I don't want to single you out, but what should I be taking away from the often recited "well people sometimes* can't do thing X either"-counterargument? Is all of this just fine? Can't we expect just a little bit more, I don't know, accuracy or rigor from a computer than a living person?
We've already passed the point where LLM's are better than human experts for medical diagnoses. In fact, according to this study, even LLM's alone are more accurate than human experts + LLM's, meaning any input the humans added was only a detriment to the accuracy
Computers are already perfectly accurate, and have been for decades in explicit quantifiable fields. In medicine, since a computer cannot perfectly replicate every single cell in the human body, its abstractions will be lower resolution than reality, but what matters is whether that low resolution abstraction is better than the alternative (human doctors).
A human doctor couldn't bring up a list of citations in literature instantly regarding a diagnosis. A LLM can.
Even if that paper hadn't said >>>"We are therefore very cautious to extrapolate our findings toward any implications about the LLM’s utility as
a standalone diagnostic tool"
Your post would be a extraordinary claim and need extraordinary evidence, not a specific study of a specific scenario.
Lots of data is pointing to the same conclusion: GPT-4 is at least as good if not better than human experts in medical diagnosis, at least in the areas studied. Thus the probability of a correct diagnosis is higher, thus safer, with GPT-4 than with any individual human expert.
This is so silly, the one study you linked to says that GPT 4 may have been trained on the answers to the test they gave it. So smart.
And since GPT 4 can't examine a patient's body the claim it's better at diagnosis that a human doctor seems like such a wacky thing to search the internet for "studies" to prove in the first place.
A nurse can examine a patient's body. Medical tools can and report their diagnostics with high precision. GPT-4 is multi-modal.
I feel you are nitpicking because you don't like the idea of an LLM being better than a human expert. Even if they weren't better than doctors nowadays, the chance they won't be in 1-2 years is tiny.
What I'm doing isn't nitpicking.

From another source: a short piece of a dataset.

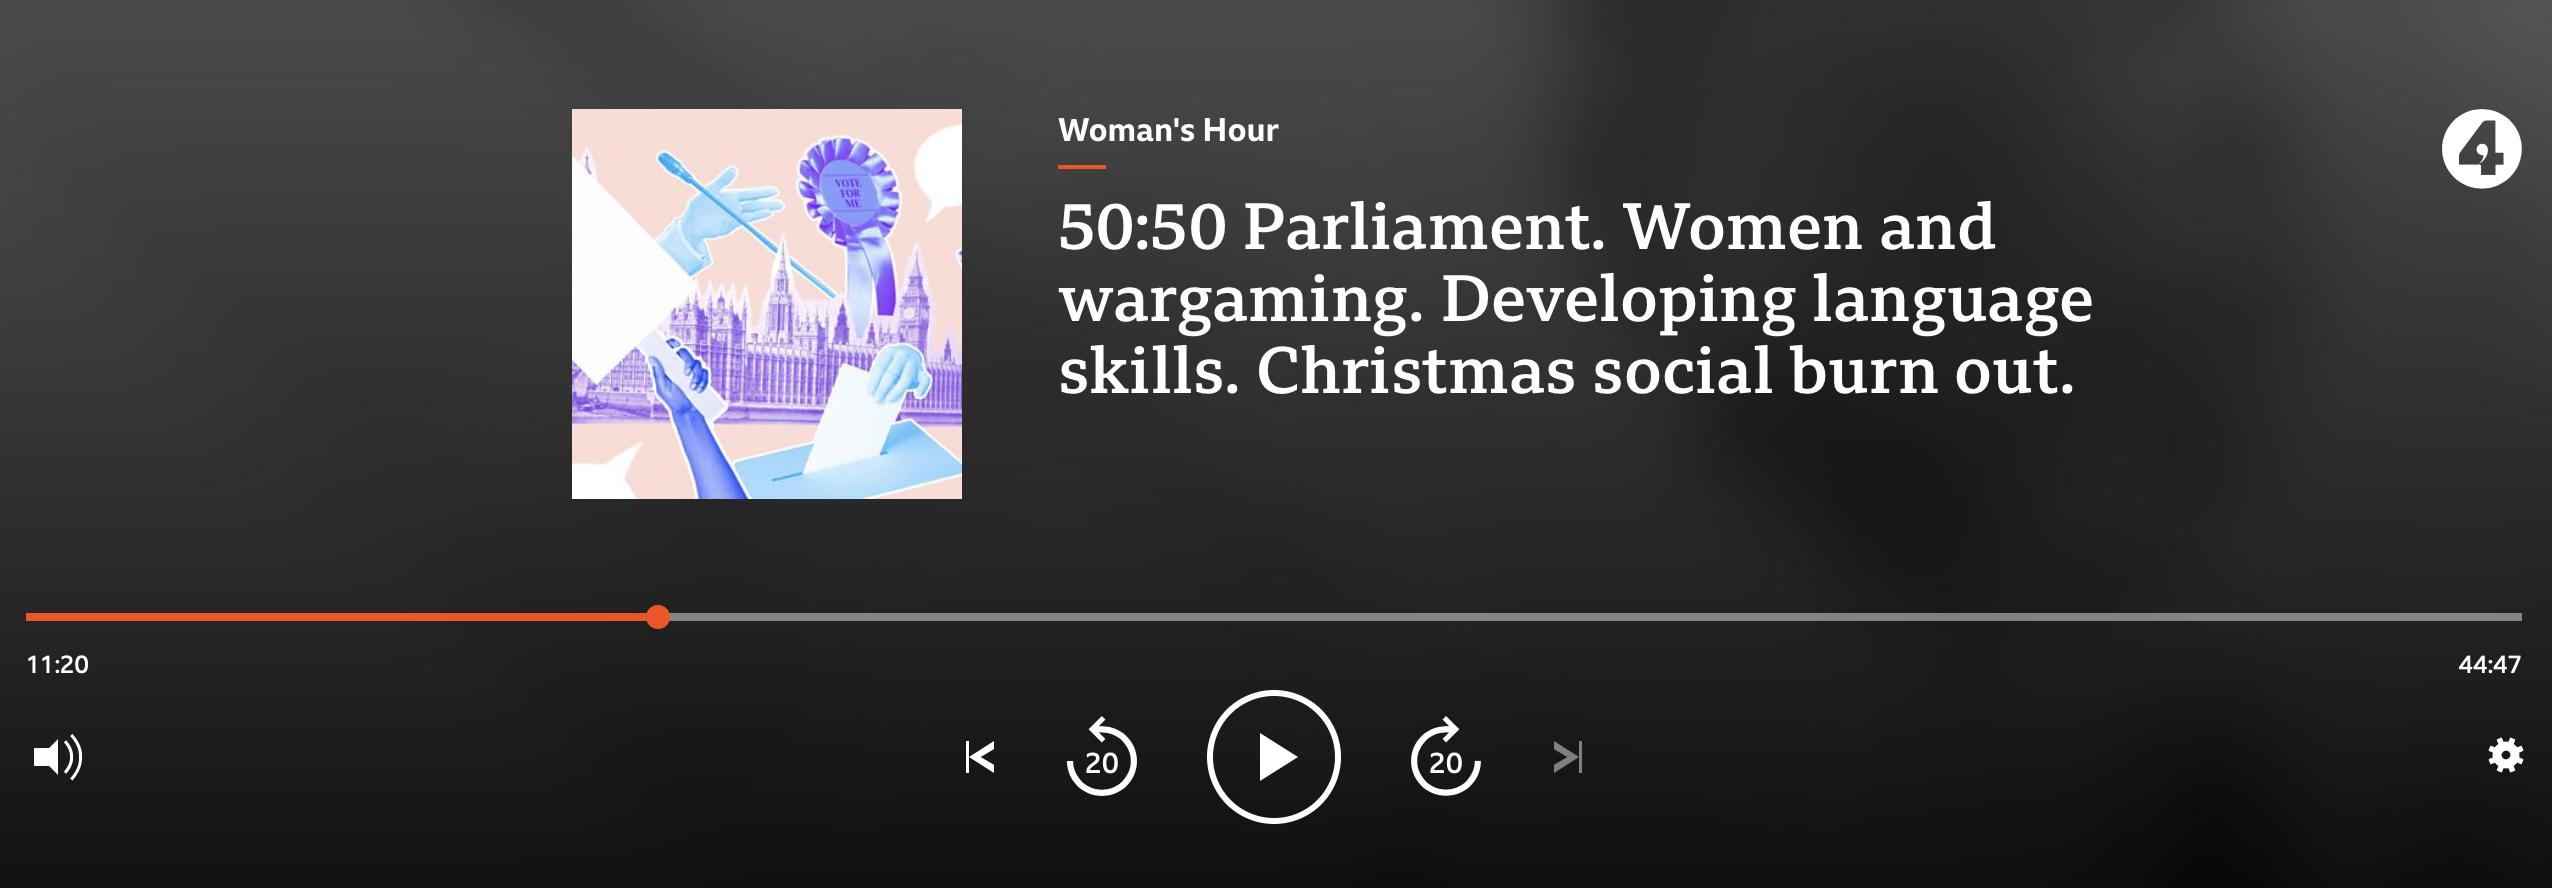 Woman's Hour sound player screenshot

I don't know the point of linking to studies is when you draw conclusions that have nothing to do with the study.
I just watched a video saying people are confused about what these models can do because
1) tech companies don't tend to say what they can do and leave users to figure it out.
And
2) Tech enthusiasts tend to exaggerate what they can do.
In your case I'm sure ChatGPT itself will tell you your comments are wrong- but for tech enthusiasts like yourself the AI is only wrong when it tells you it isn't all knowing, apparently.
It's like the bit in Monty Python's Life of Brian where the protagonist says he's not the messiah and a woman shouts "Only the true messiah would deny his divinity!"
> A human doctor couldn't bring up a list of citations in literature instantly regarding a diagnosis. A LLM can.
TFA is, literally, about LLMs spouting out erroneous medical references. I don't care about made up medical references or court cases.
I'm sure there are ways to bring up instantly a list of publication regarding a diagnosis (which a LLM may or may in the future correctly give: the diagnosis I mean) but I'm really not sure a LLM is what's needed to do then generate the list of related publication. I mean, FFS, they are compressed, lossy, knowledge.
LLMs are going to become tools as part of a toolchain. They're not a panacea.
They could, but they don't, at least that is what I'm getting from the article.
Even if they do, someone with the capability and understanding required (ie. not me) needs to bring that source up and verify that the claims align with the citation; the authors decided to use GPT-4 for this: "We adapted GPT-4 to verify whether sources substantiate statements and found the approach to be surprisingly reliable." I'm not happy with that either.